In Karl Knauz Motors Inc., the key issues were whether the employer (a) lawfully terminated an employee for comments he made on Facebook about an automobile accident involving a customer at his employer's dealership and (b) violated the National Labor Relations Act (NLRA) by inserting a rule in its employee handbook requiring employees to treat others with courtesy and to refrain from using language that could harm the employer's image.
Karl Knauz Motors, the employer in this case, issued an employee handbook with a rule that reminded employees of their duty to be courteous to others. The rule stated: "Courtesy is the responsibility of every employee. Everyone is expected to be courteous, polite and friendly to our customers, vendors and suppliers, as well as to their fellow employees. No one should be disrespectful or use profanity or any other language which injures the image or reputation of the Dealership."

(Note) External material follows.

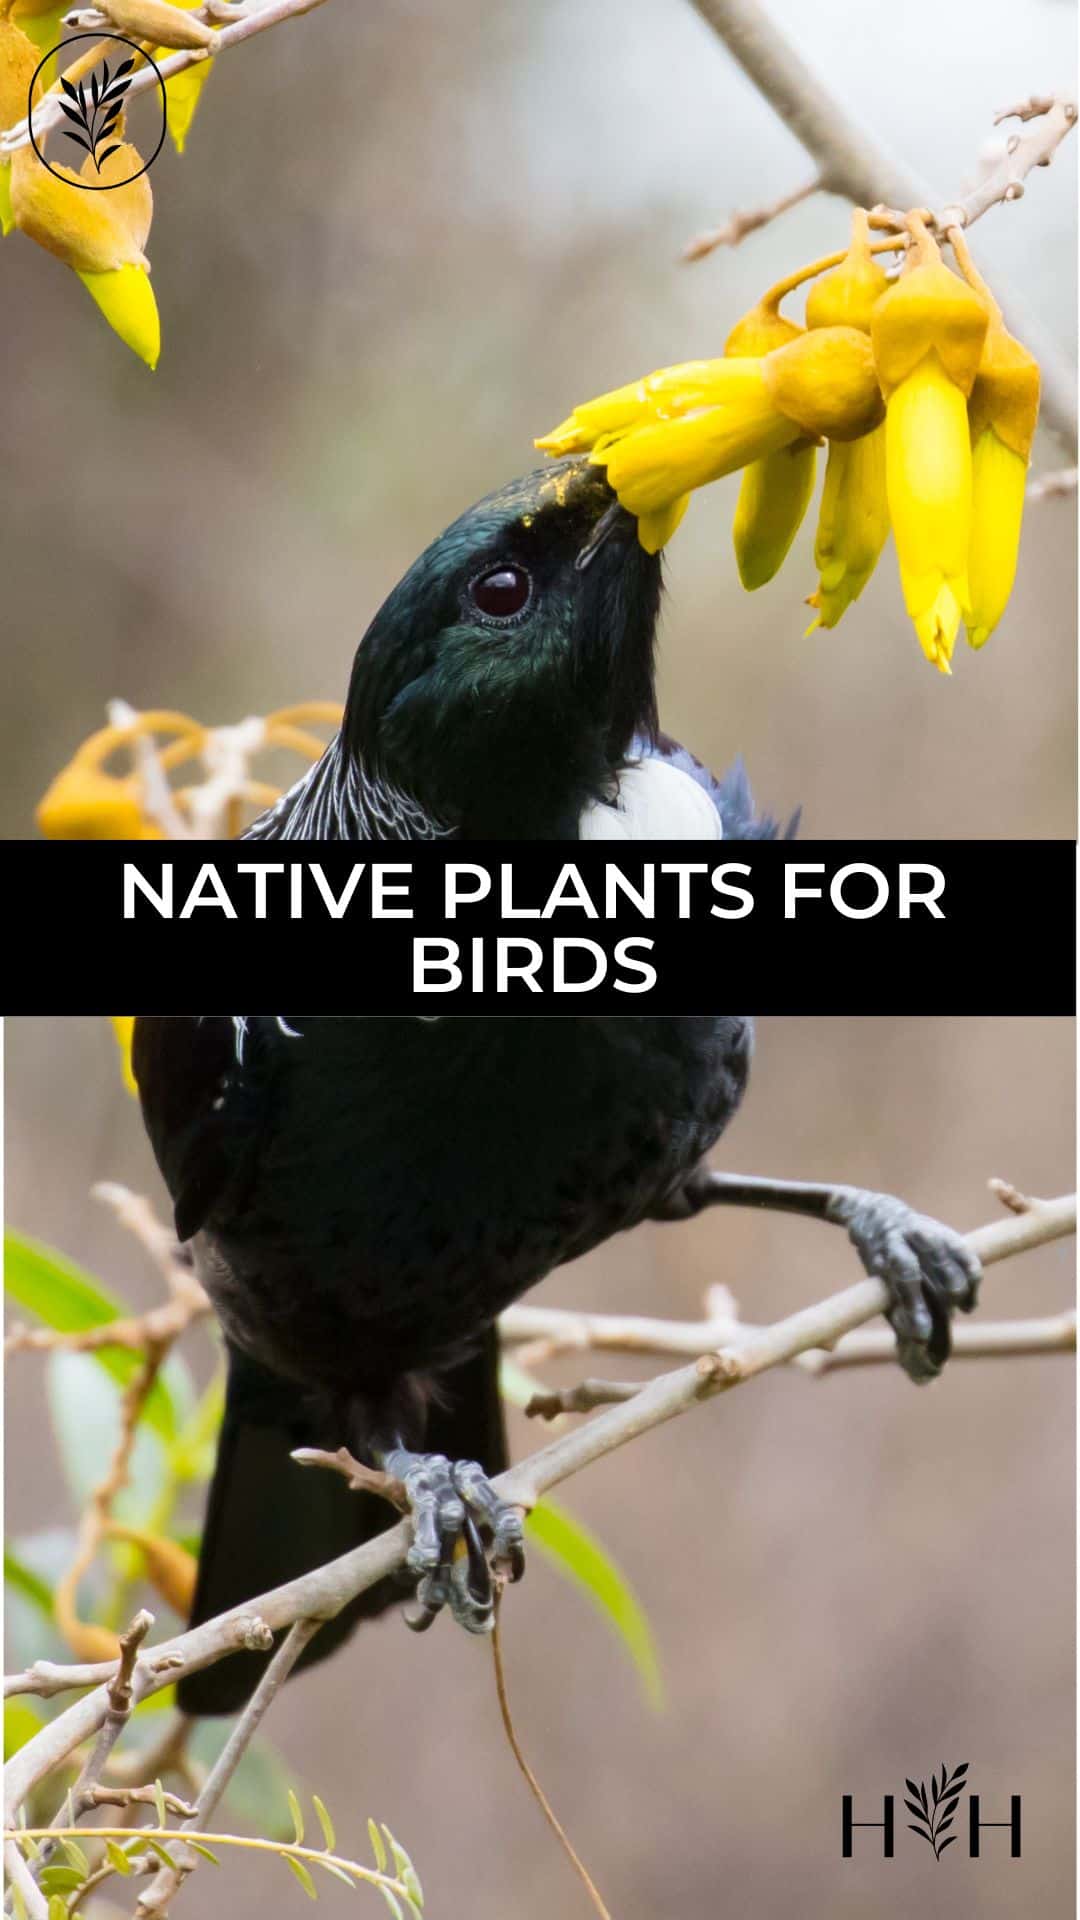 Native plants for birds via @home4theharvest

[ For more on the evolving role of social analytics in the workplace, see Social Analytics Isn't Just For Social Networks. ]
One employee, a salesman at a Knauz BMW dealership, had attended a promotional sales event and posted photos of it on his Facebook page. The photos included dealership personnel eating food at the event, and underneath the photos the salesman posted comments that mocked the inexpensive fare. Shortly thereafter, at a Land Rover dealership Knauz owned, a customer accidentally drove a display vehicle into a nearby pond. The employee then posted photos of that episode on Facebook, along with a sarcastic description of it. Eventually, other Knauz employees posted sarcastic comments underneath the employee's descriptions of both events.

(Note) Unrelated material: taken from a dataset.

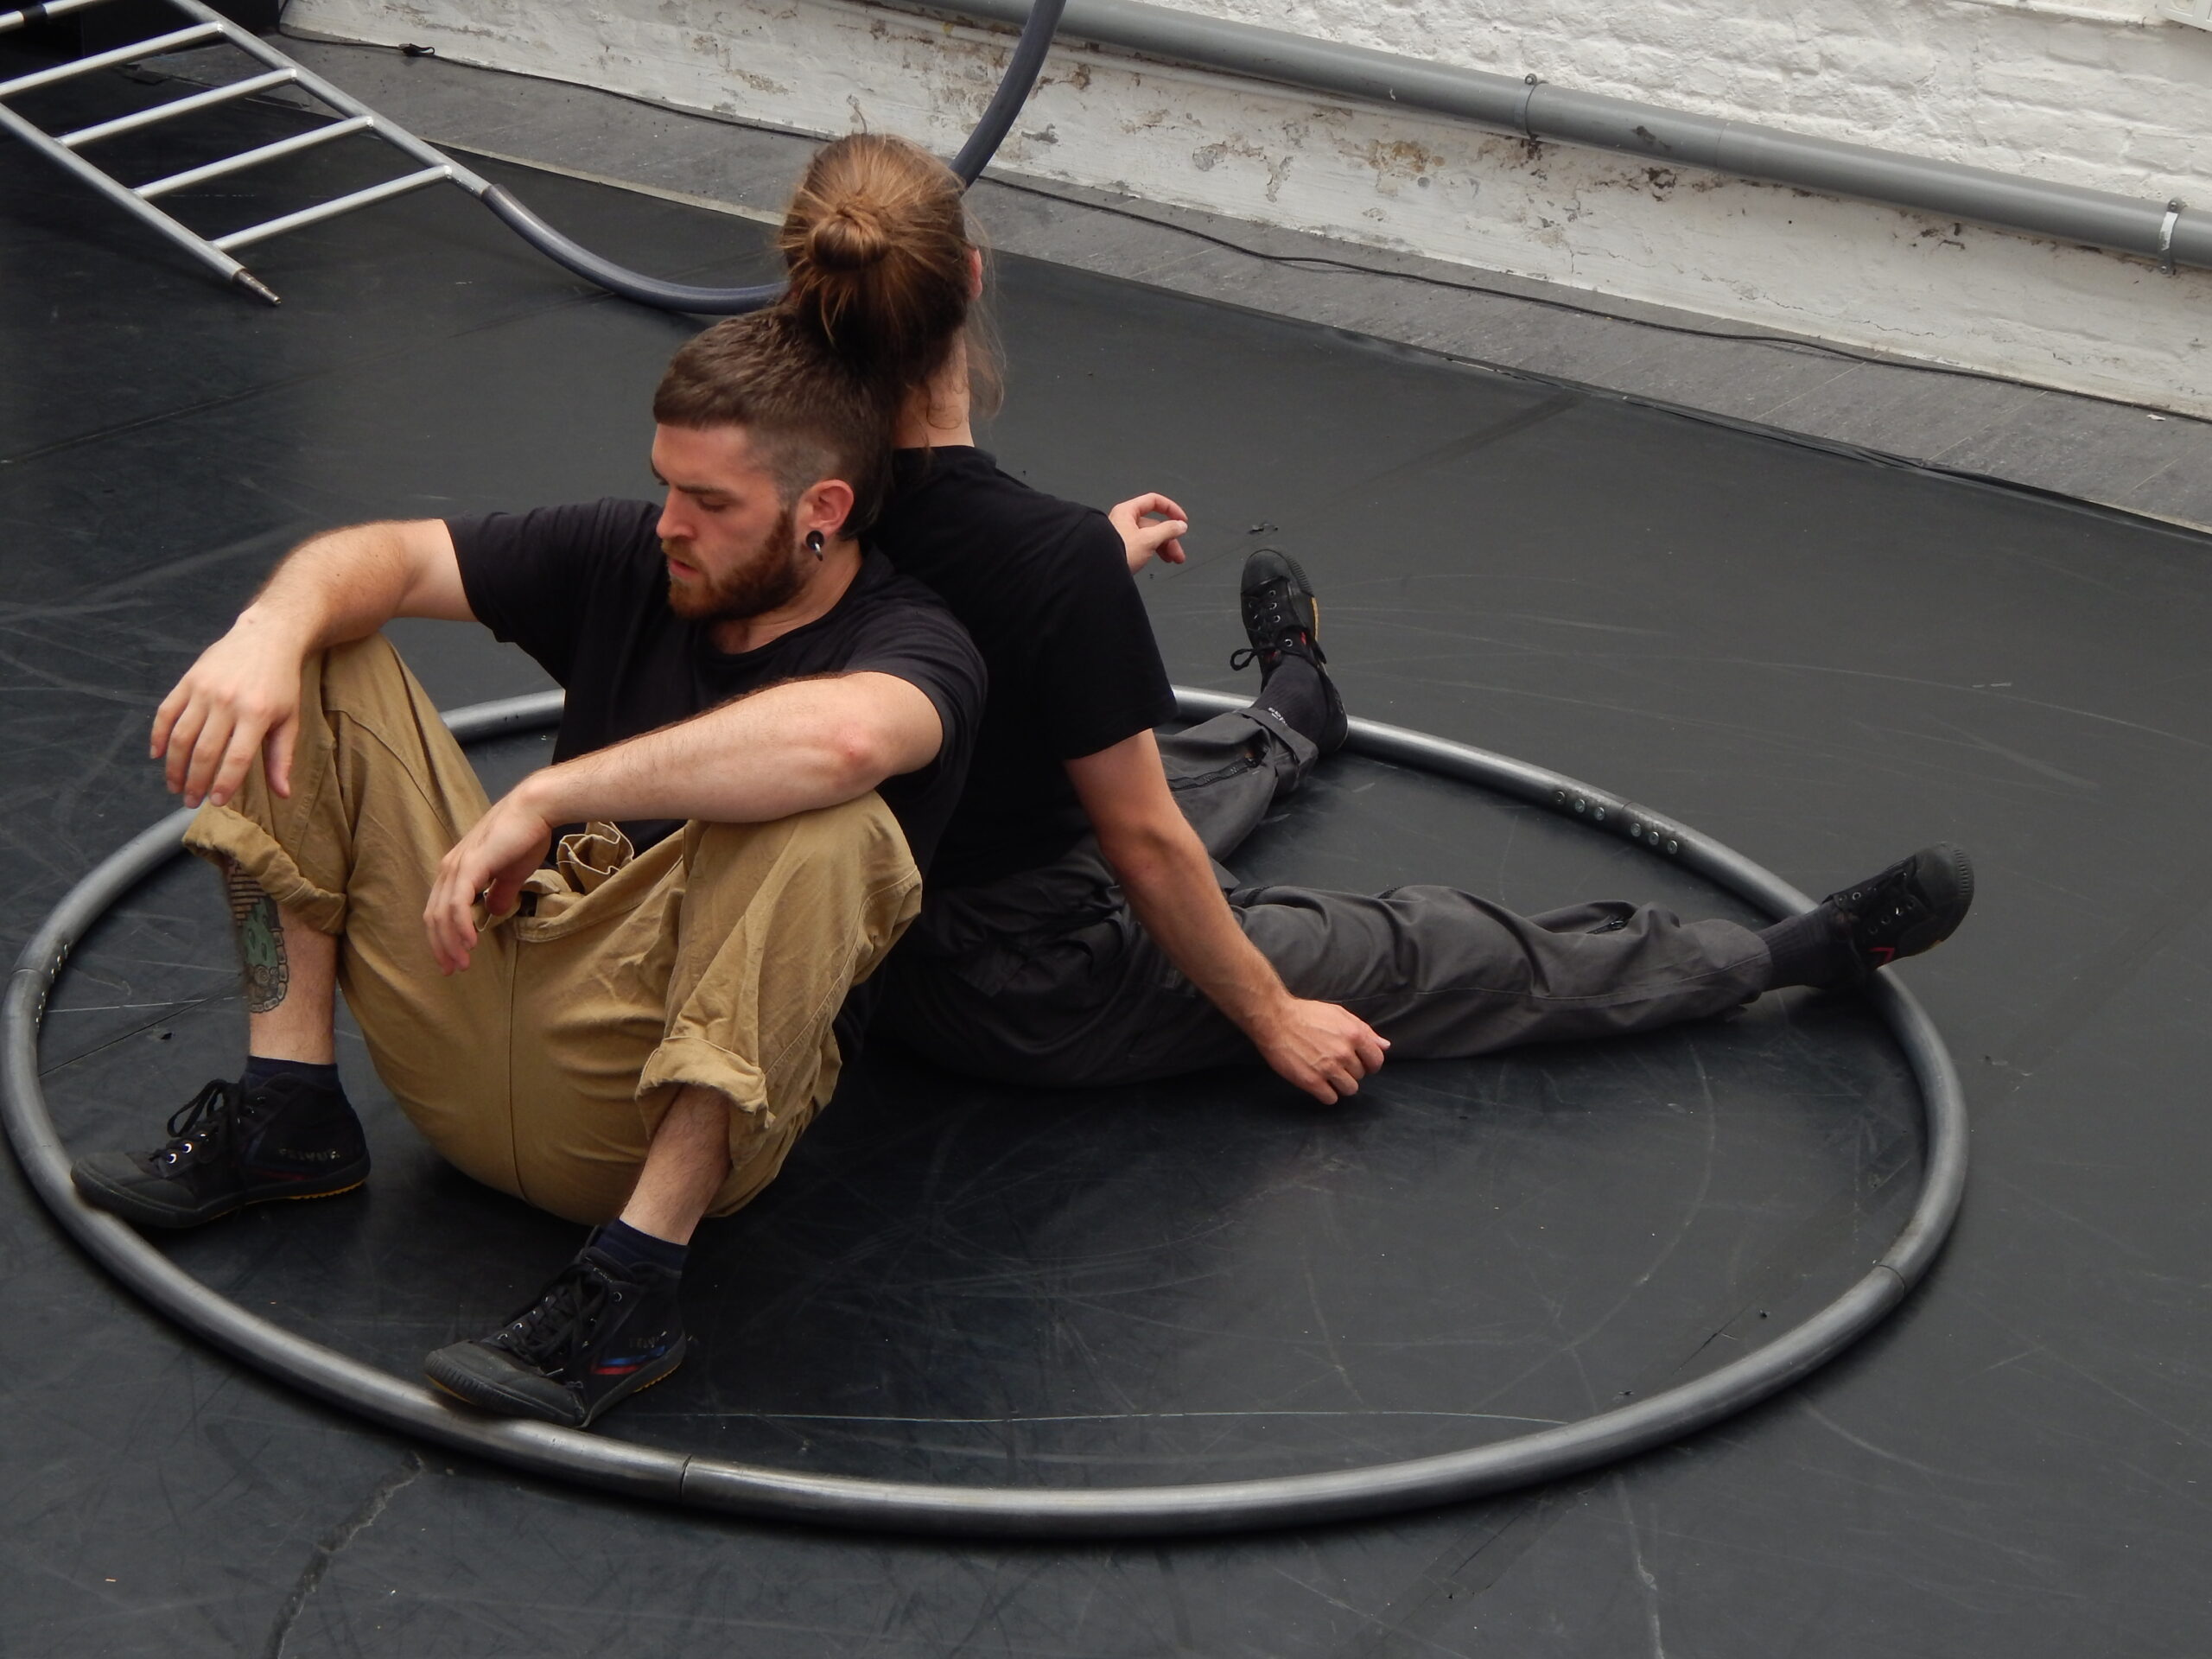 Aapo Honkanen & Daniele Ippolito – Cyr wheel & ladder act

When Knauz executives became aware of the social media postings, they discussed the matter with the employee, telling him that the postings were disparaging to the company and damaging to its reputation. Knauz then proceeded to terminate the employee for the Land Rover posting.

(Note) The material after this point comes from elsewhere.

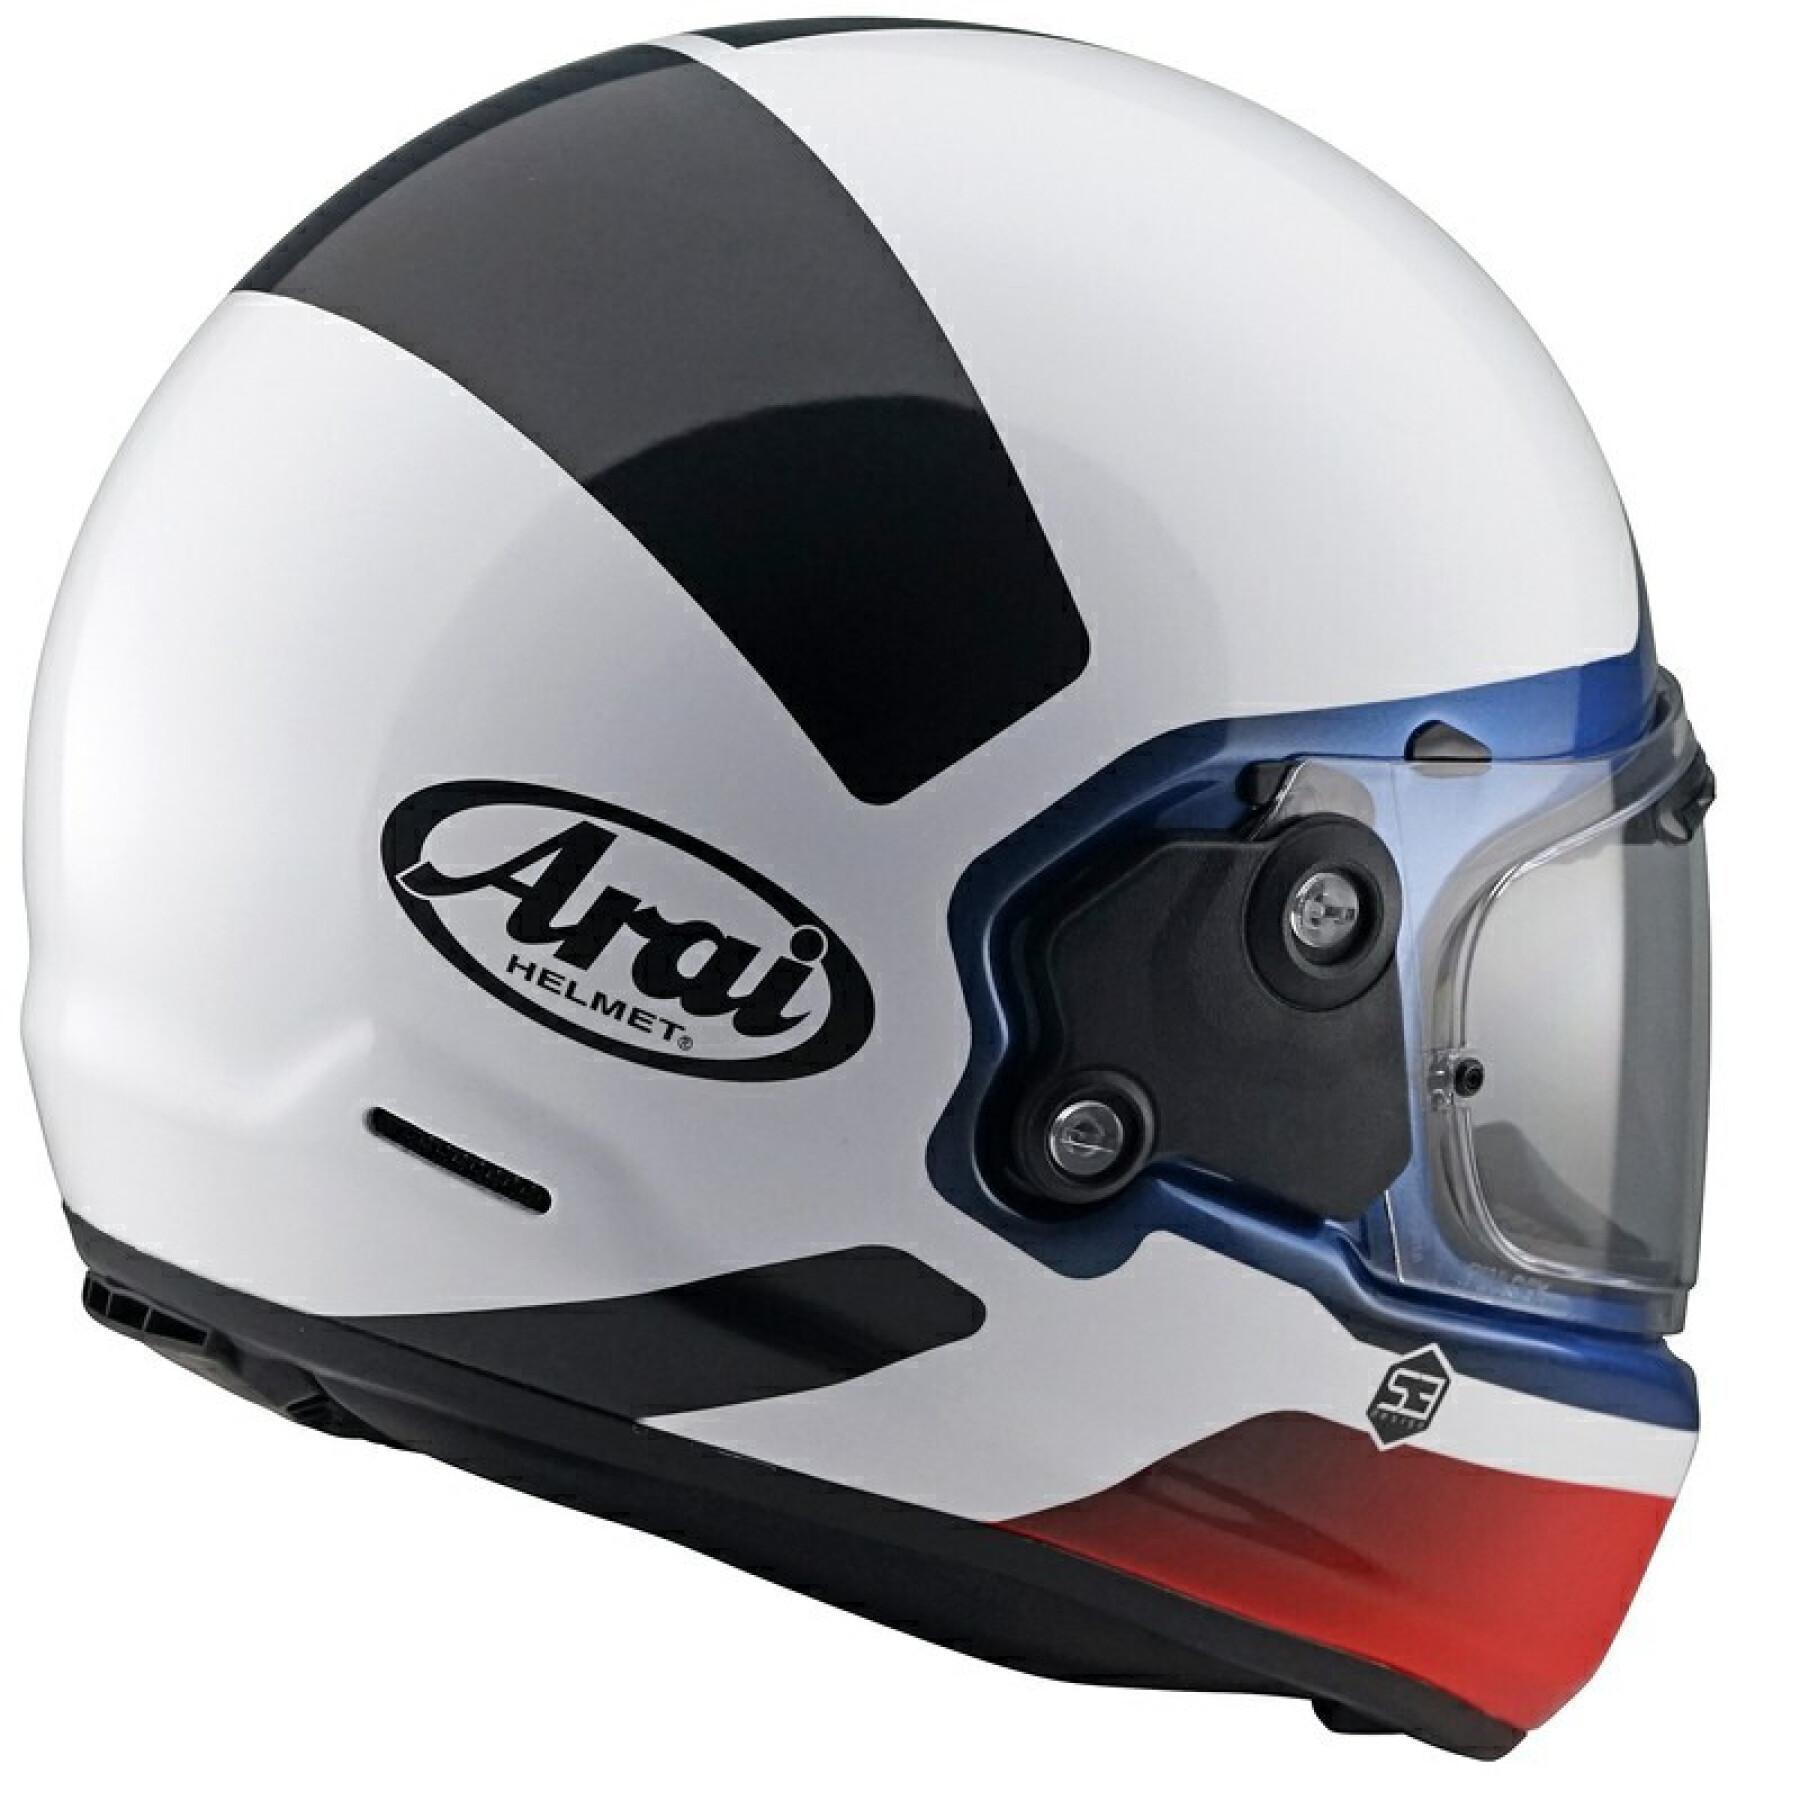 Full face motorcycle helmet Arai Concept-X Backer

The employee filed an unfair labor practice charge with the NLRB, alleging that he was terminated for engaging in concerted activities protected by the NLRA. An NLRB administrative law judge held that the employee's social media posting about the BMW event was protected concerted activity under the NLRA because his criticisms of the food were shared by co-workers, and there was a possibility that their criticisms were connected to the dealership's reputation, which could affect sales. Since lower sales could hurt their commissions, the employee's posting was connected to the terms and conditions of employment.
However, the judge held that the employee's Land Rover posting was not protected concerted activity, because it was posted solely by the employee, without discussion with any other employee, and it had no connection to the terms and conditions of employment at Knauz. Most important, the judge found that the employee was terminated for his Land Rover posting, not his BMW event posting.
This case and ruling confirms that employers must avoid ambiguous rules that could be construed against them, including rules requiring certain standards in employees' speech. If an employer issues a rule regulating employee speech, including social media posts, the rule must exempt speech regarding the terms and conditions of employment.